Parent-focused interventions can reduce childhood difficulties effectively.
Changing family interactions often changes the child’s emotional responses.
When children present with behavioural, emotional, or relational difficulties, the response of adults is never neutral. The way professionals, parents, schools, and wider systems define the problem shapes not only the intervention itself, but also the child’s developing identity. Childhood is not a fixed psychological state; it is an evolving developmental process. Labels applied during this period can become powerful organising principles that influence how adults interpret behaviour and how children come to understand themselves (Link & Phelan, 2001).

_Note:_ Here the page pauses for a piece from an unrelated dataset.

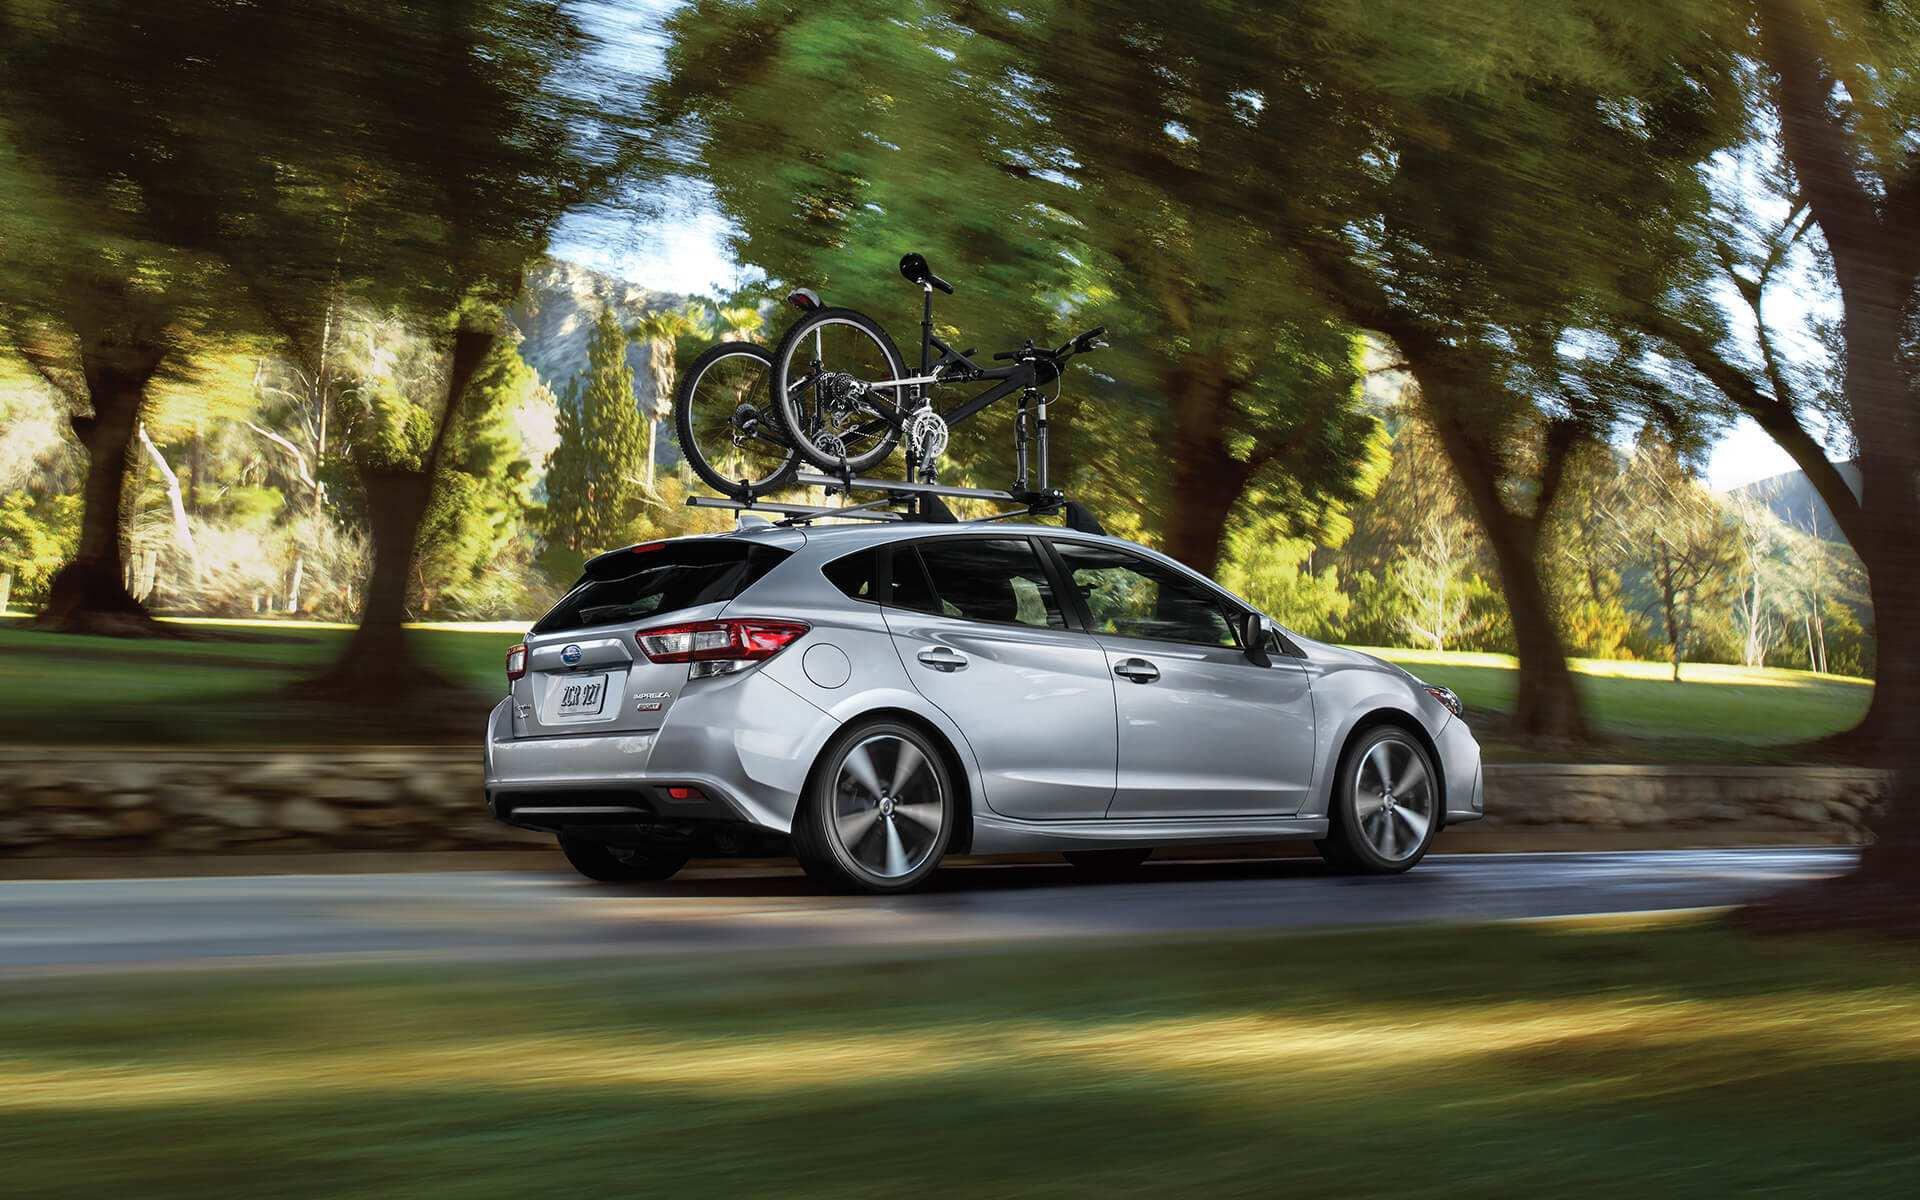 76 All New 2019 Subaru Hatchback Performance for 2019 Subaru Hatchback
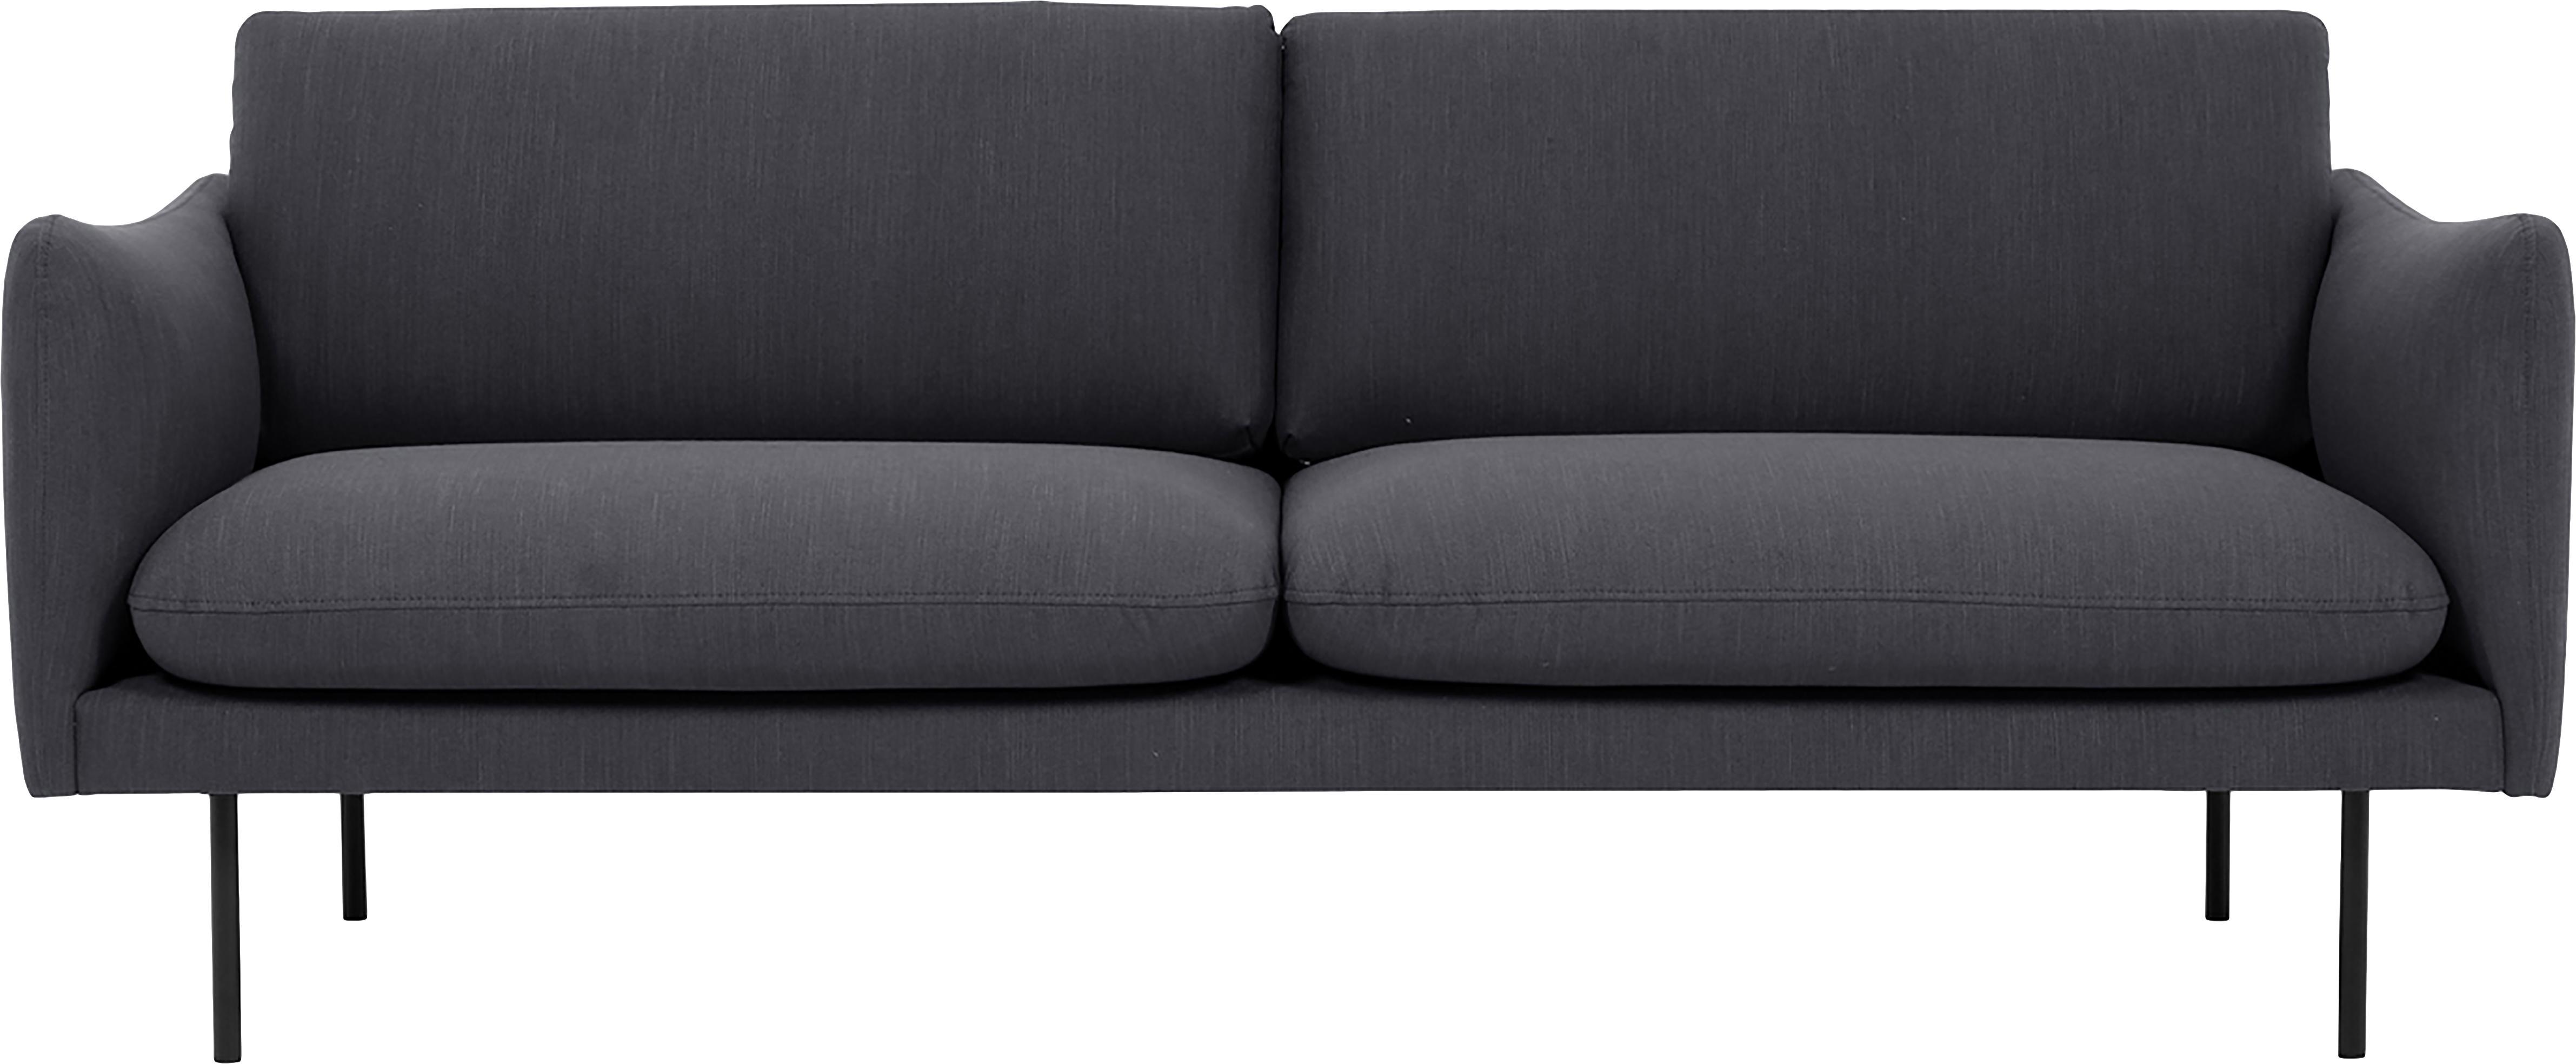 Sofa Moby (2-Sitzer), Bezug: Polyester Der hochwertige, Gestell: Massives Kiefernholz, Füße: Metall, pulverbeschichtet, Webstoff Dunkelgrau, B 170 x T 95 cm

Within strategic and systemic psychotherapy, an alternative model has emerged that seeks to reduce unnecessary pathologisation while maximising effective change: indirect therapy. Rather than positioning the child as the direct recipient of treatment, the therapist works primarily through parents or caregivers, who become the principal agents of intervention. This approach has been explored within the brief strategic tradition by authors such as Giorgio Nardone and other systemic clinicians (Nardone & Portelli, 2005; Portelli, Papantuono, & Gibson, 2016).
Indirect therapy is grounded in pragmatic, ethical, and developmental reasoning. It recognises that children exist within relational systems and that modifying those systems can often produce change more effectively and less intrusively than direct therapeutic intervention with the child.
Defining Indirect Therapy
Indirect therapy refers to interventions in which the individual presenting the difficulty is not the direct recipient of therapy. In childhood cases, this usually means working with parents or caregivers, who implement structured strategies within the child’s everyday environment. Parents are positioned as collaborators or co-therapists and are guided in changing interactional patterns that maintain the difficulty.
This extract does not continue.